Supplied information below:

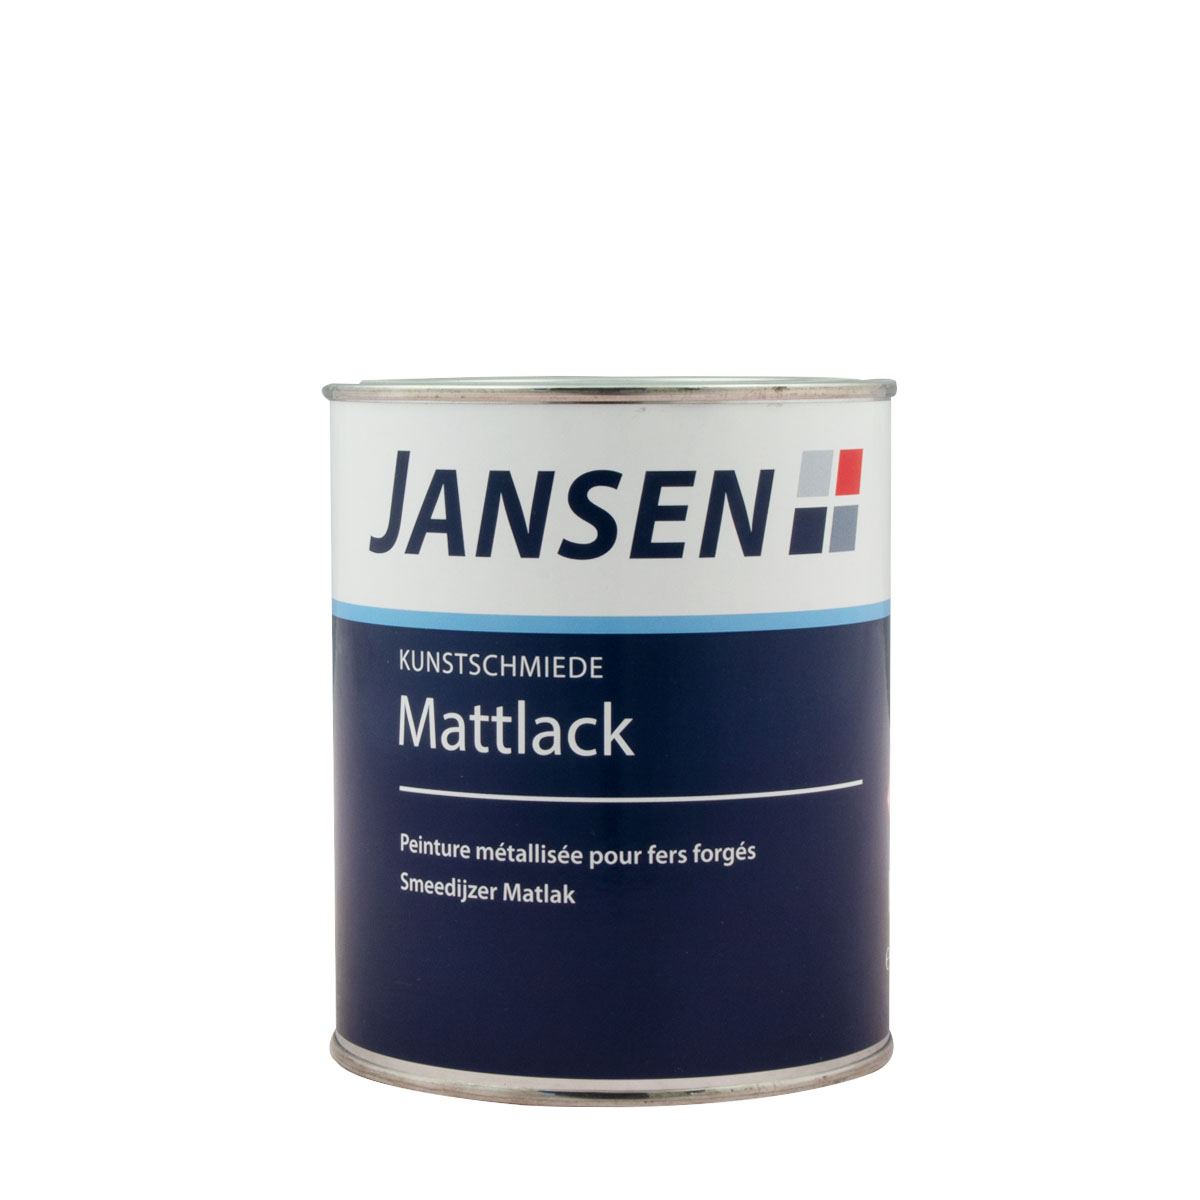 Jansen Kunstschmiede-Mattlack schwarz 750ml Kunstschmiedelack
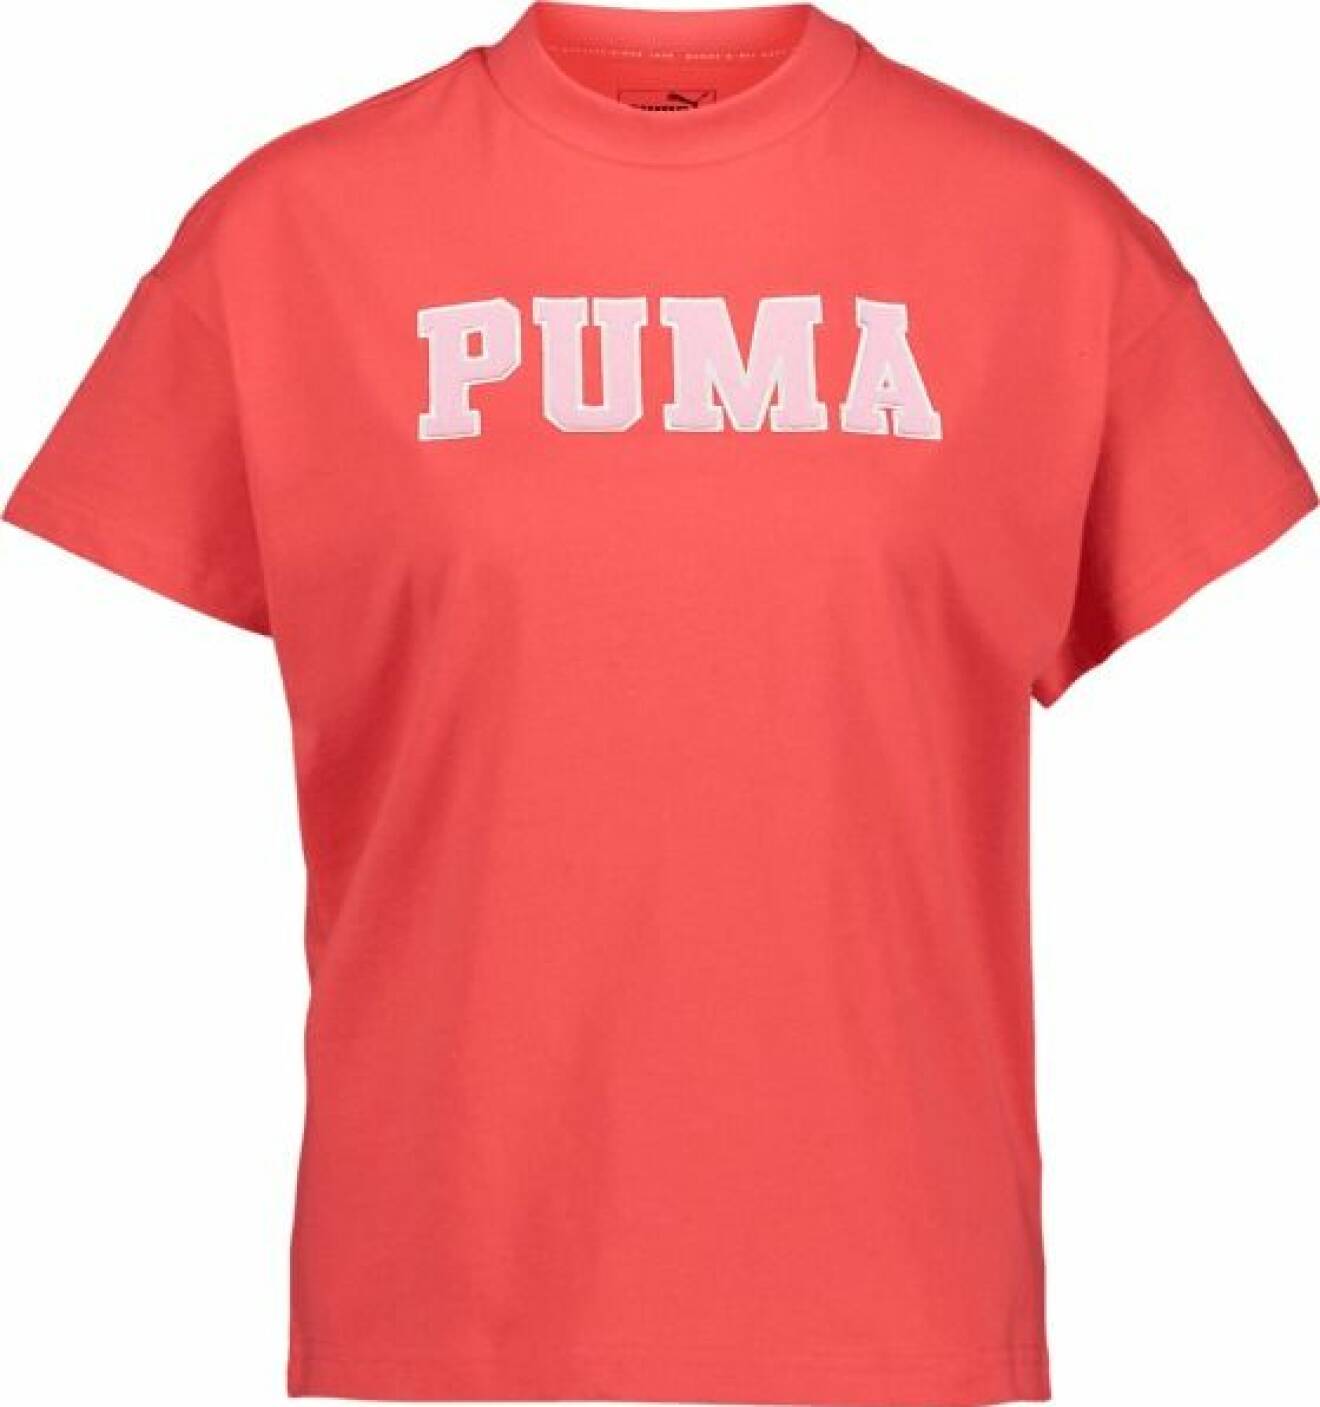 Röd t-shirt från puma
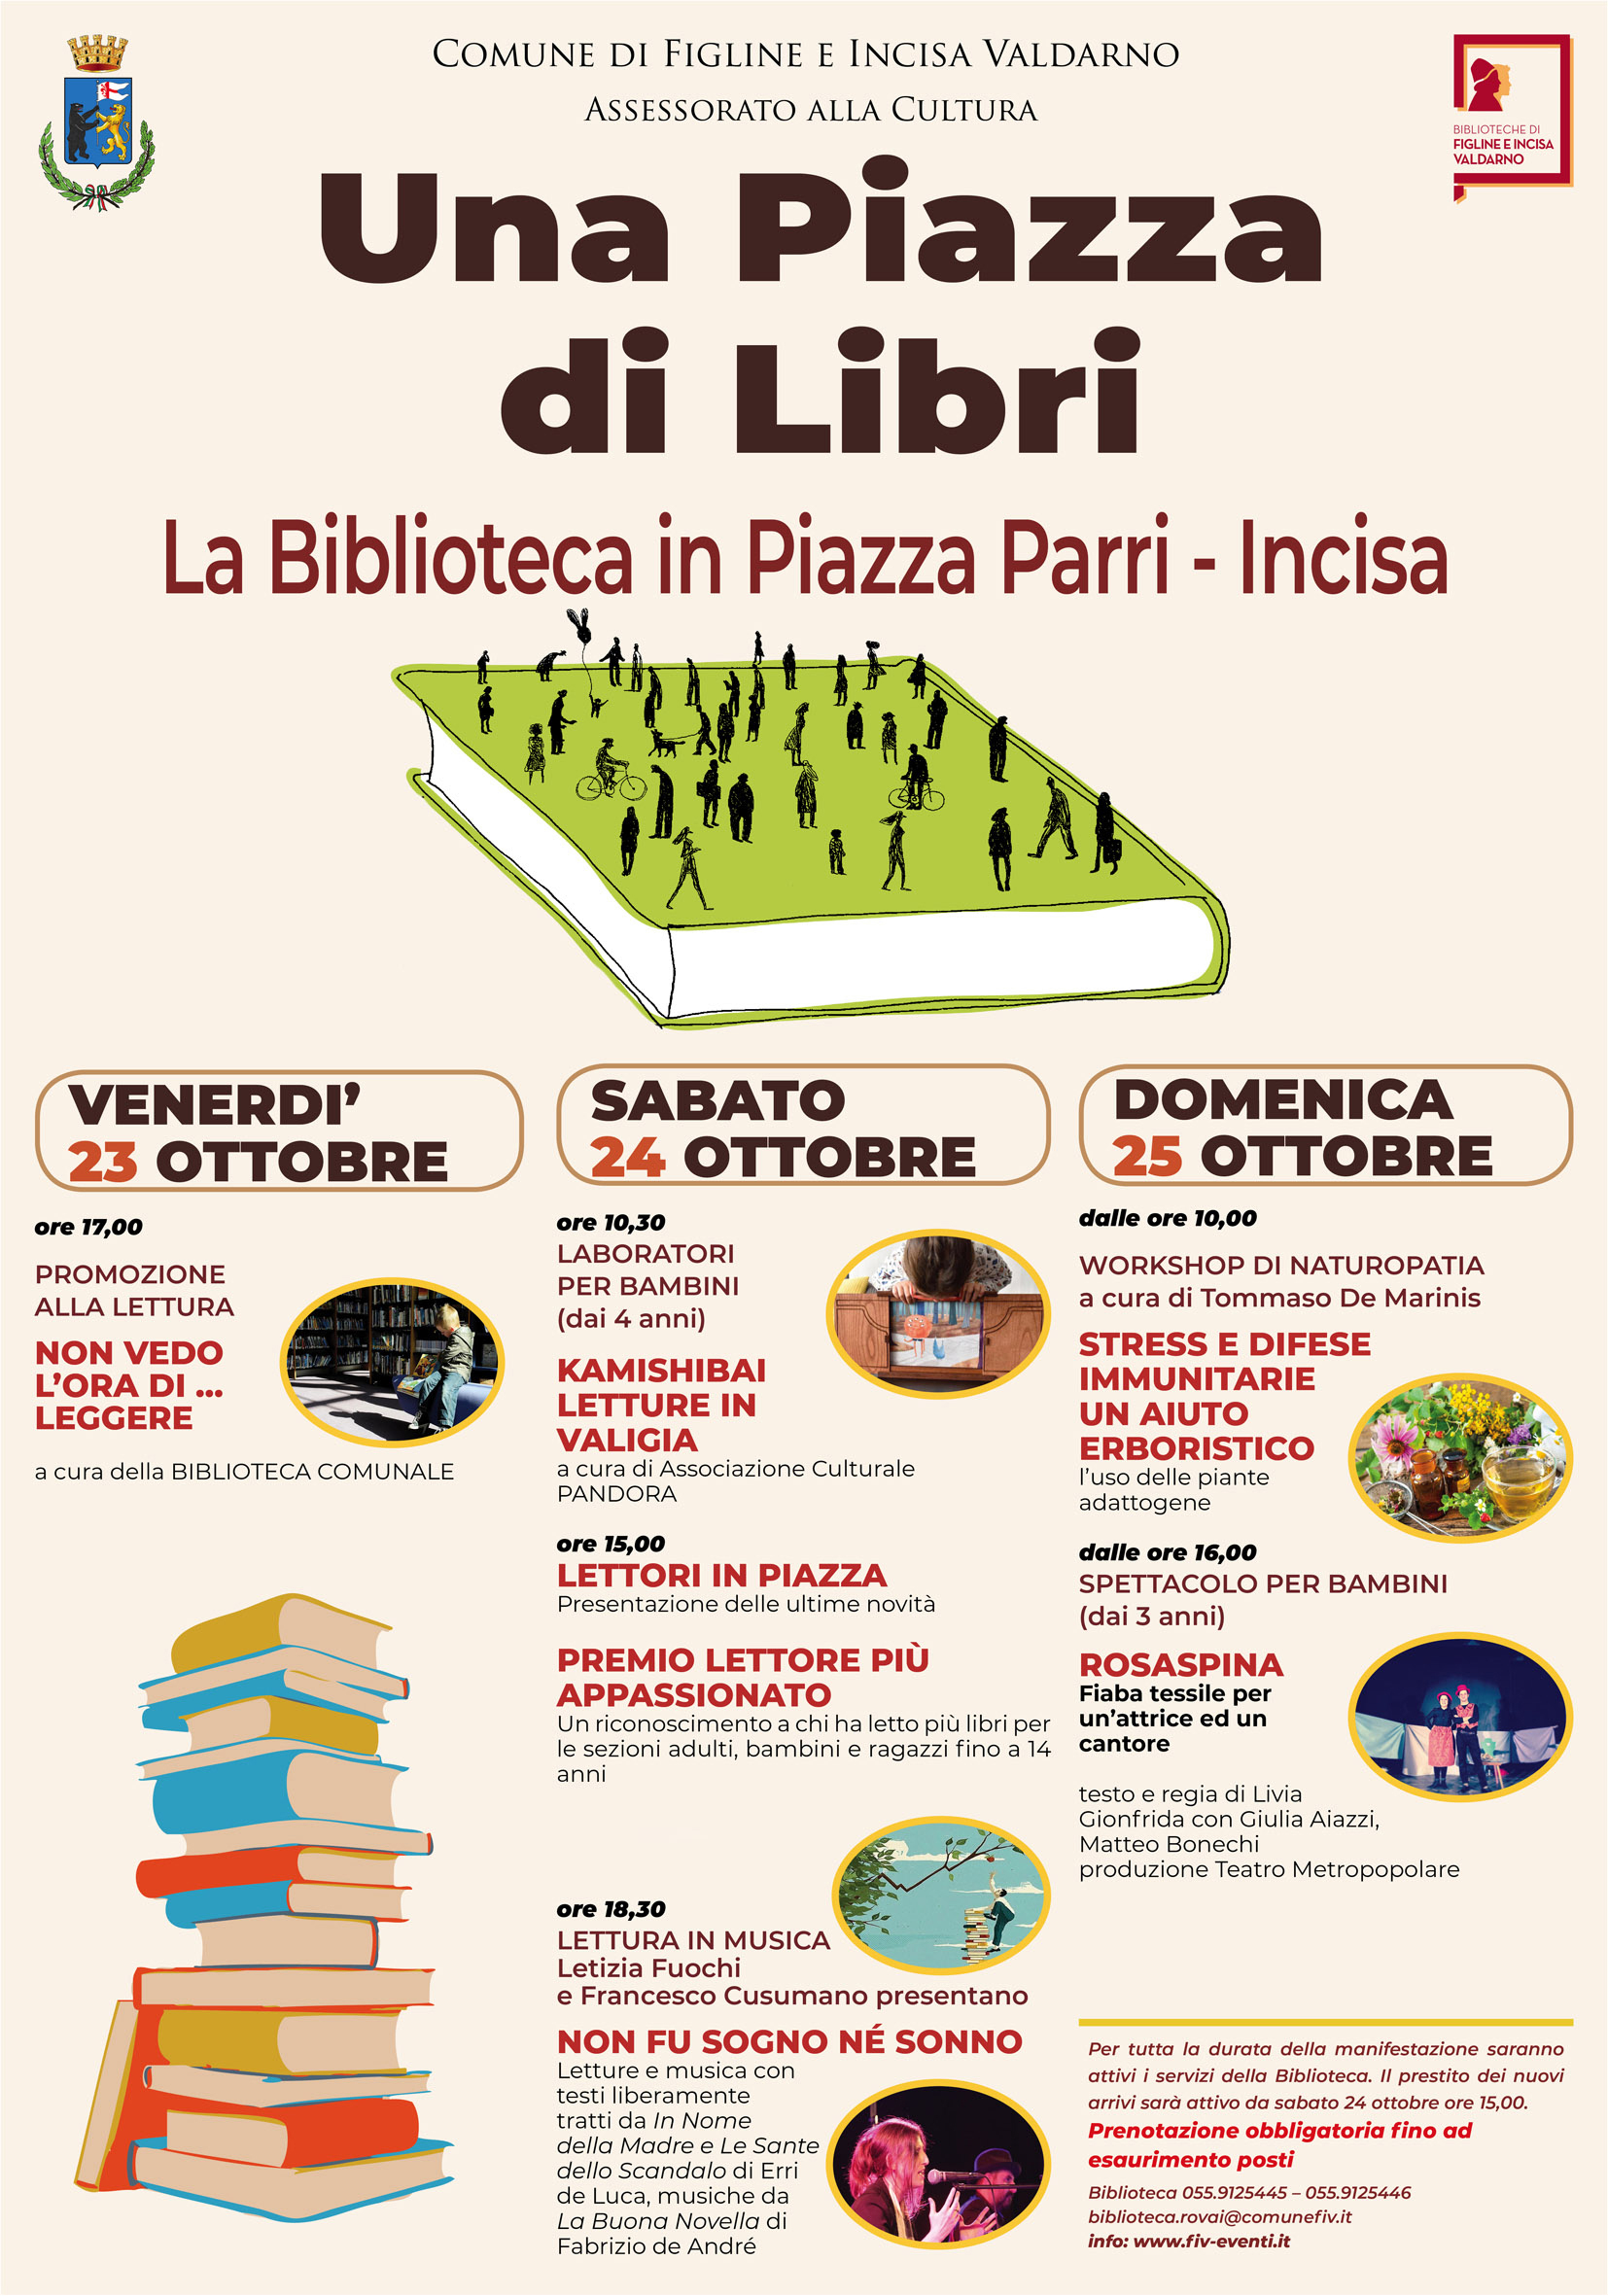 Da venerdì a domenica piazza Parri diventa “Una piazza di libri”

End of Supplied information.

The material should be duplicated word for word, with no images included.

◆ **Exercise result**:
 Jansen Kunstschmiede-Mattlack schwarz 750ml Kunstschmiedelack
 Röd t-shirt från puma
 Da venerdì a domenica piazza Parri diventa “Una piazza di libri”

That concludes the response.